What are the key advantages of quantum gravimetry compared to other methods?

Desruelle: First, it provides very high performance measurements in µGal-resolutions; this is equal to one billionth of the earth acceleration. Second, it provides an absolute Gal-value without any drift for an extremely long period of time, which predestines it for long-term monitoring. Third, it is very easy to operate and robust. We have no moving parts in our vacuum chamber and use very reliable lasers from the telecom sector. This bundle makes it very interesting for geophysical applications. Most of today’s gravimeters suffer from huge drift and are temperature sensitive. That makes it difficult for their users to differentiate real geophysical signals from false measurements.

However, aren’t µGal-resolutions way too fine? How do you compensate other vibrations?

Desruelle: This is in fact a severe problem. We had to find a solution to compensate seismic noise, which might have its origin in road traffic or even crowds of tourists climbing around the Etna. These seismic signals exceed the µGal range by orders of magnitude. Our solution took years of research together with the LNE-SYRTE in Paris. We´ve implemented a very powerful hybridization-technique. It combines the atomic signal with measurements provided by a classic accelerometer and makes use of real-time data processing to reject the contribution of seismic noise.

What is your assessment of the market potential of quantum sensors and where are the fields of application?

Desruelle: I am convinced of their market potential for a wide range of applications.

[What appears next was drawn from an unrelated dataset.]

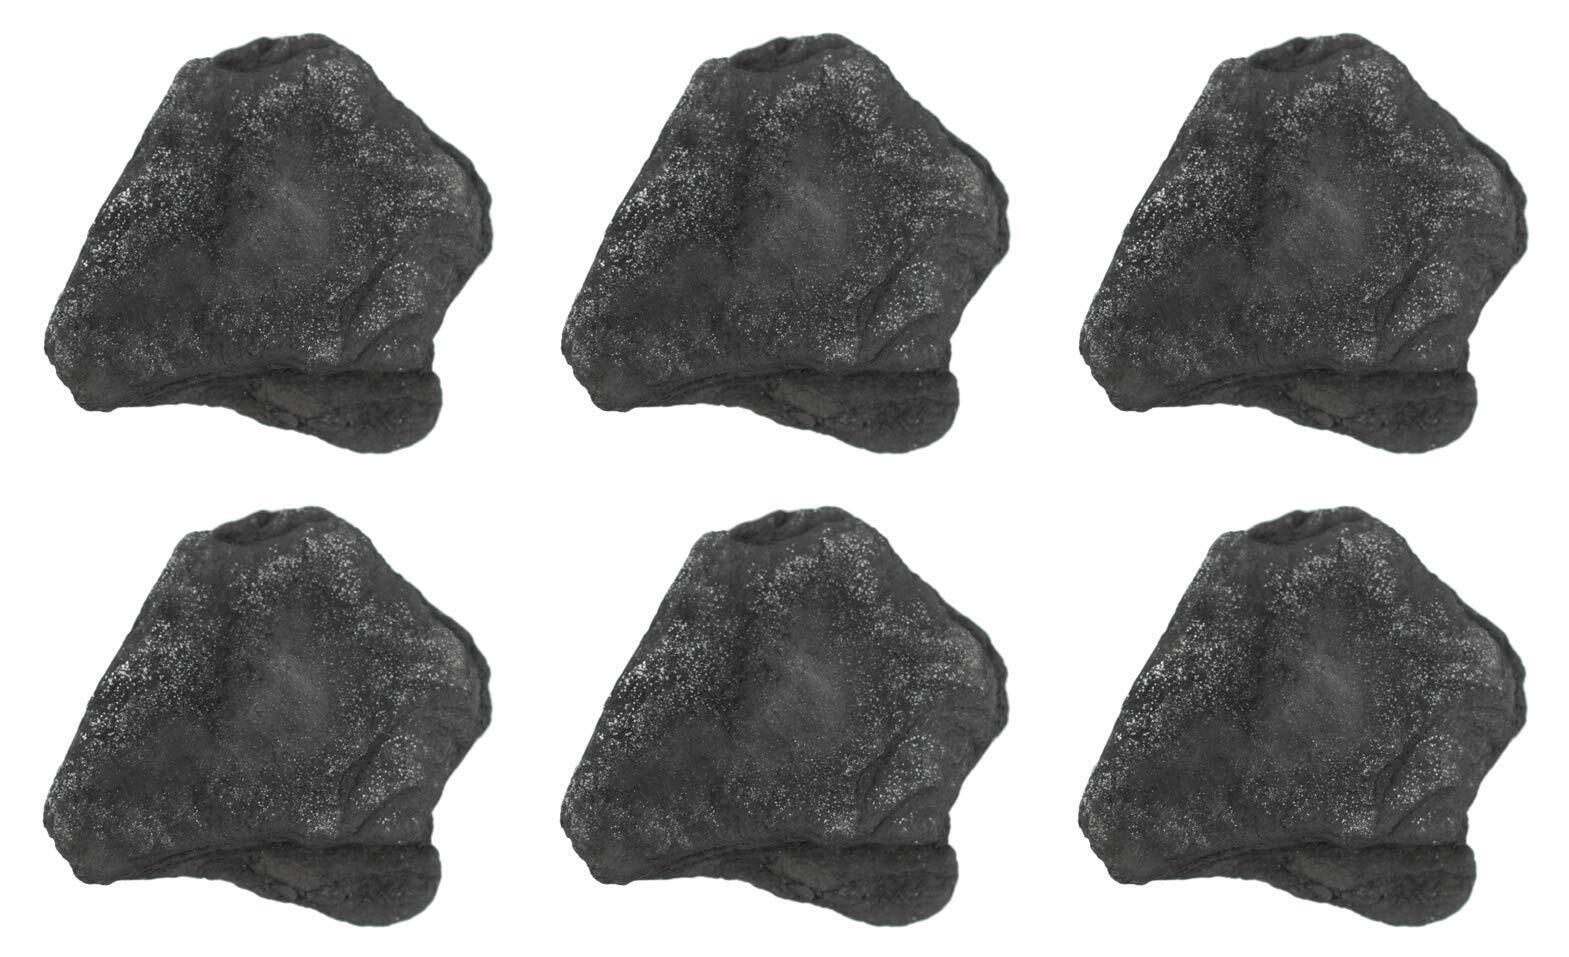 6PK Raw Anthracite Coal, Metamorphic Rock Specimens - Approx. 1\

We can implement quantum technologies to various kinds of measurements – usually, where high performance is needed. All over the world, we see quantum start-ups and research-projects rising. Gravity sensors are one of the major applications. Accelerometers, gyroscopes, magnetometers or clocks based on quantum optics will find their way to different markets, too. Extremely high performance solutions are in demand in space technology or in submarines, in global positioning and many more applications. In addition, there is potential in mass-markets like autonomous or electric vehicles or in medical applications like brain imaging. It is not unrealistic to expect a very large industrial impact in the next ten or twenty years.

Since you founded µQuans in 2011, quantum technology has made great progress. How do you perceive the market and the funding situation?

Desruelle: In 2011, we were alone in the hall. The idea to consider the industrial development of quantum sensors for real life applications seemed insane. People laughed at us. Today the situation is completely different. There is a broad understanding of the potential of quantum technologies. Many start-ups form, governments are interested in accelerating the development and therefore spend billions to fund research, early industrial applications and start-ups. We see many stakeholders, whether private investment firms or public bodies, who are very concerned about this and heavily invest. This is a very pleasing development. Although we may have started a little too early, we are still there - and now µQuans is years ahead of all our competitors.